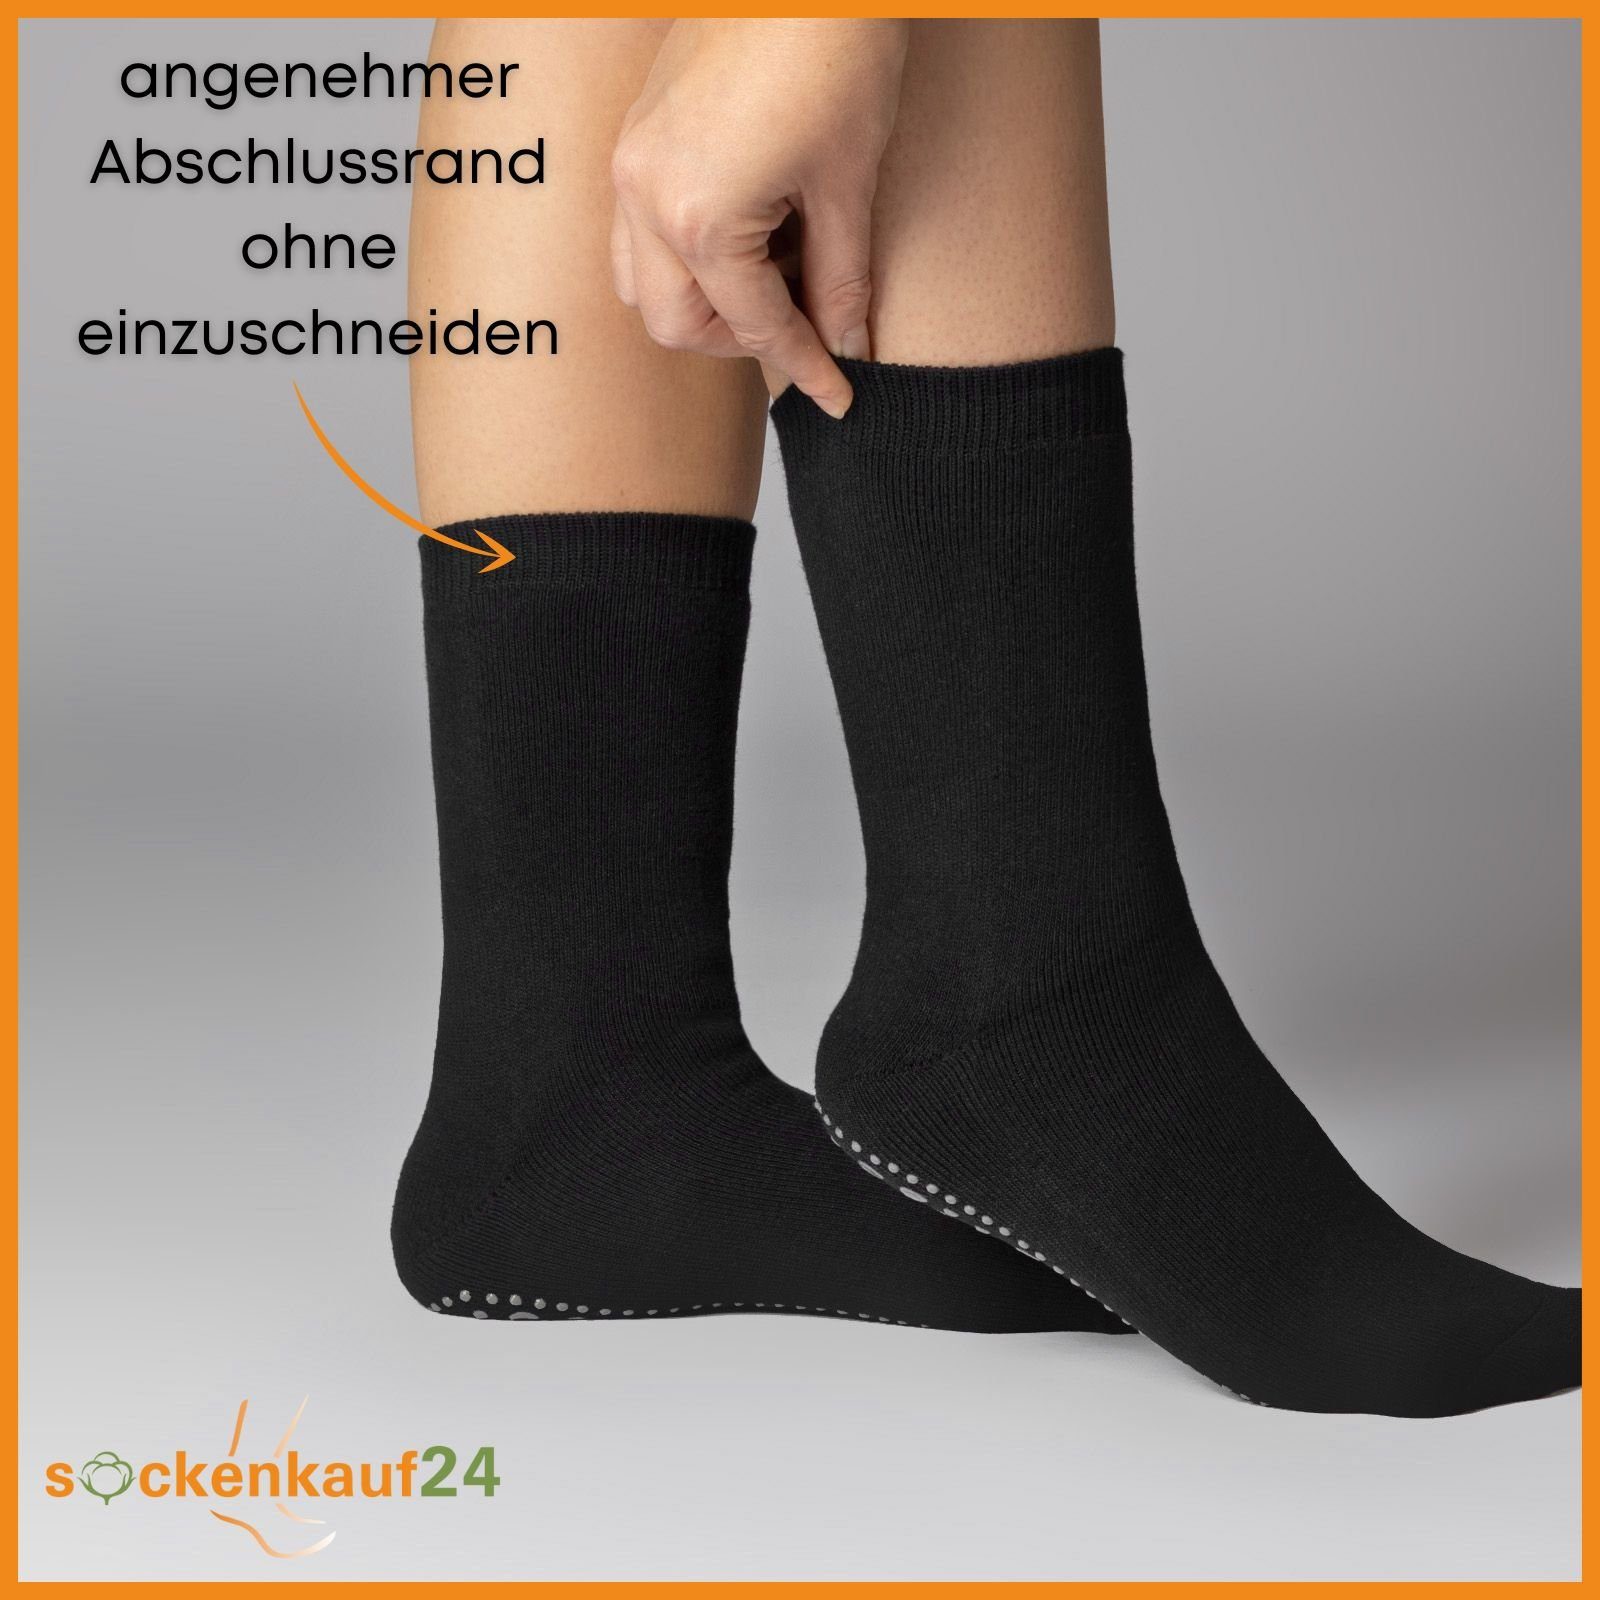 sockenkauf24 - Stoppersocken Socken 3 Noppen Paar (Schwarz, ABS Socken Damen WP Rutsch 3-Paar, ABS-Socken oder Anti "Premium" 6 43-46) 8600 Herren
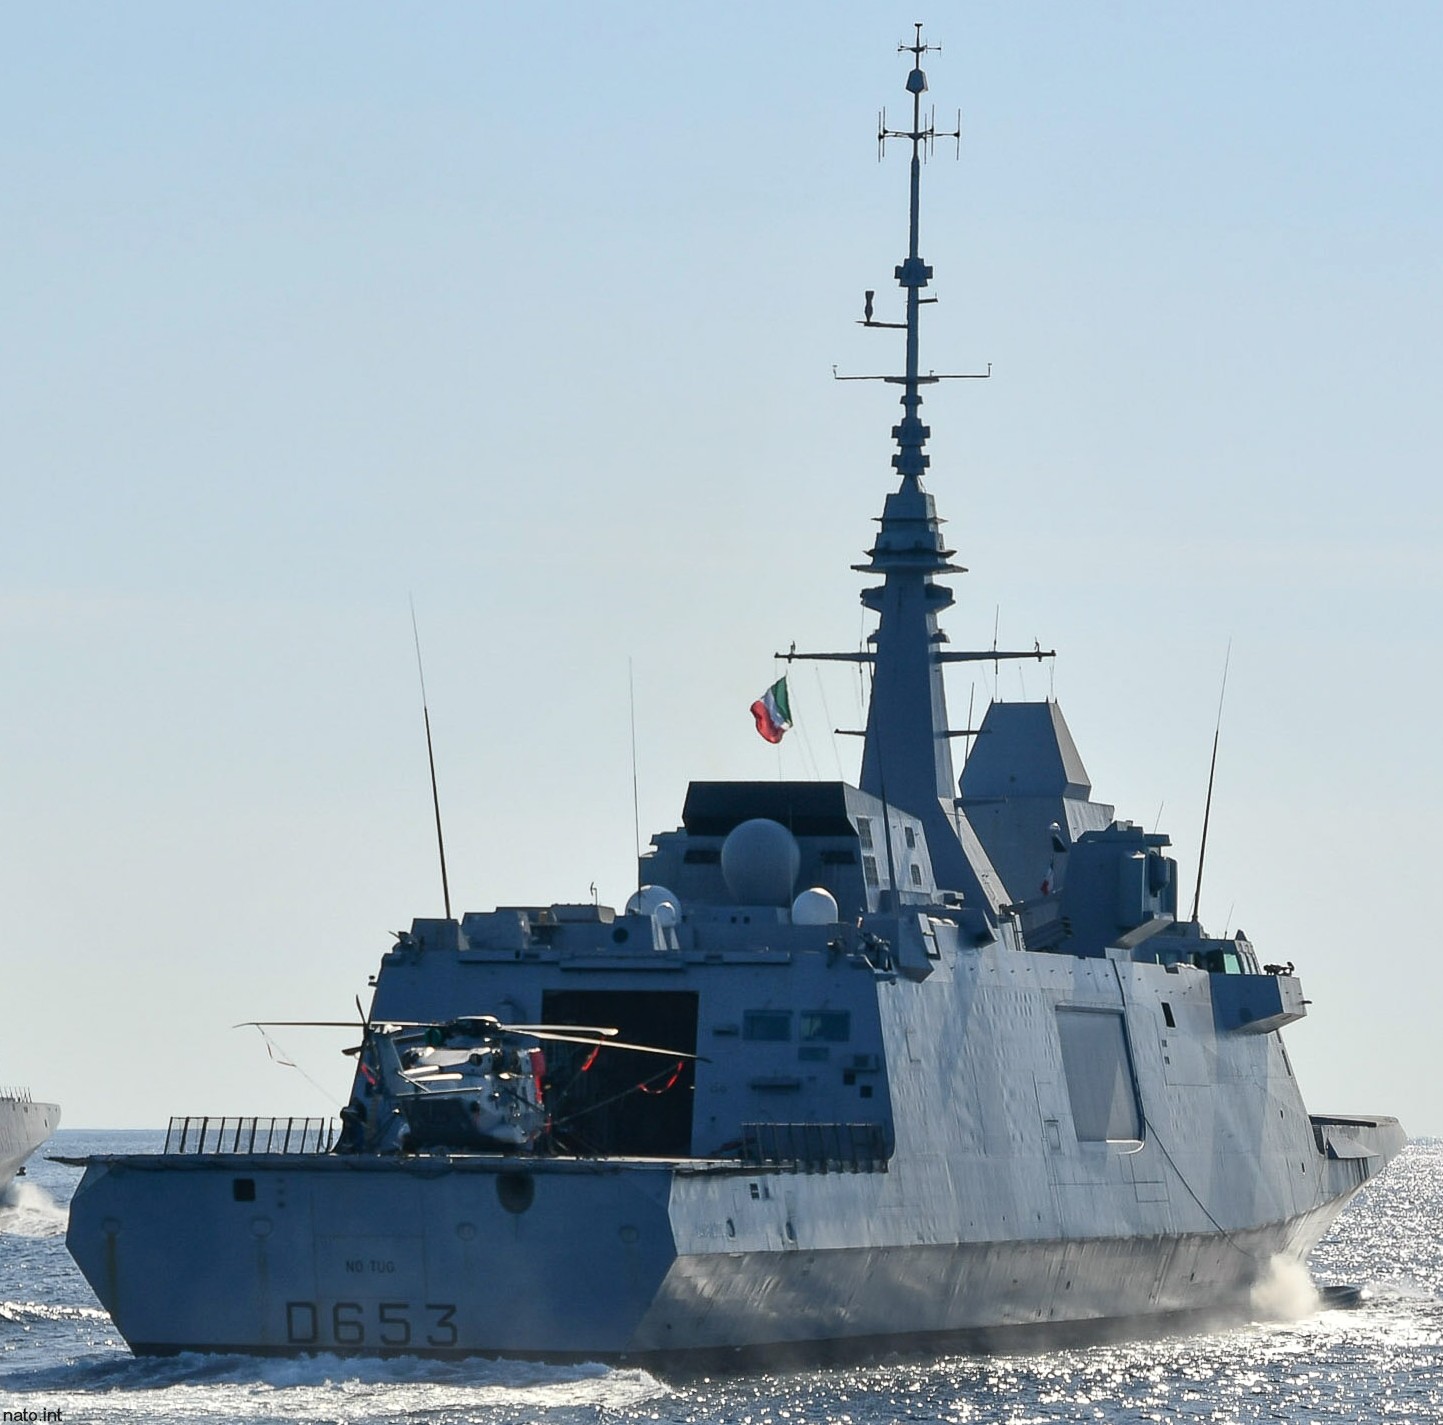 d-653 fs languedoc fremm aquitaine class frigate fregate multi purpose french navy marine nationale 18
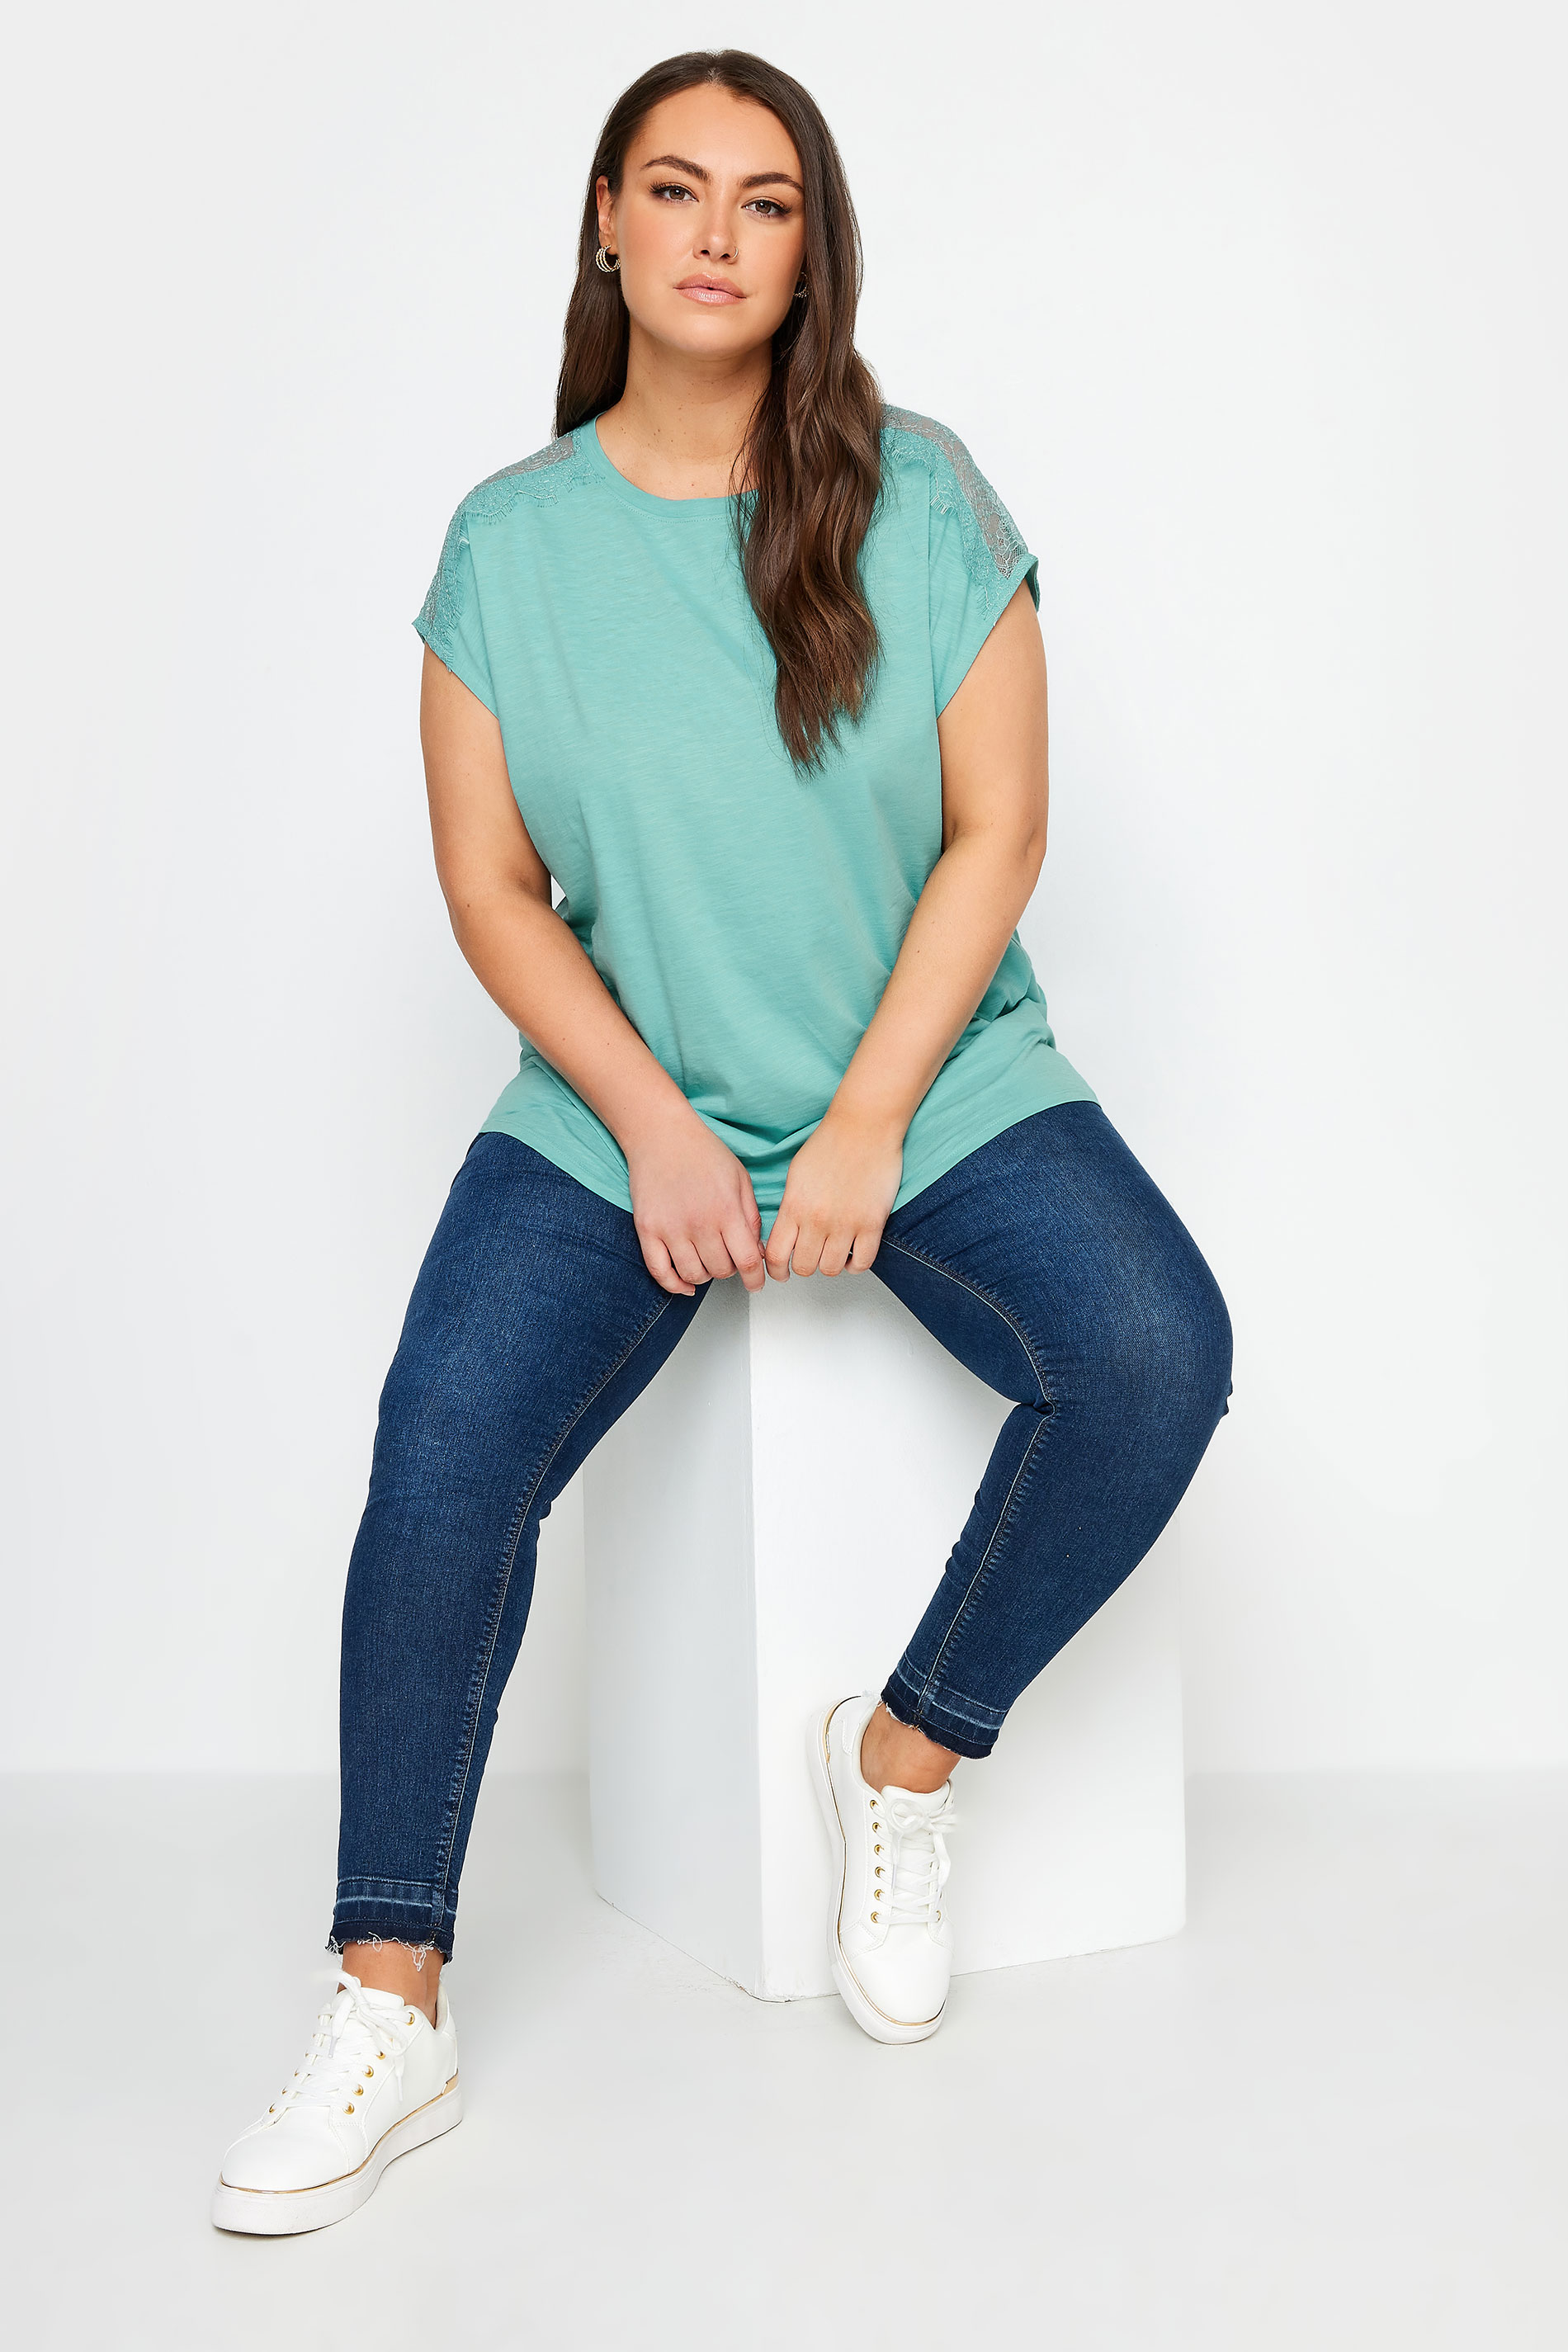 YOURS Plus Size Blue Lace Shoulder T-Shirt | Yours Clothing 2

## Task to carry out
Keep the pictures out of the copy and write out the data exactly as it stands.

## Exercise answer
 sockenkauf24 - Stoppersocken Socken 3 Noppen Paar (Schwarz, ABS Socken Damen WP Rutsch 3-Paar, ABS-Socken oder Anti "Premium" 6 43-46) 8600 Herren
 d-653 fs languedoc fremm aquitaine class frigate fregate multi purpose french navy marine nationale 18
 YOURS Plus Size Blue Lace Shoulder T-Shirt | Yours Clothing 2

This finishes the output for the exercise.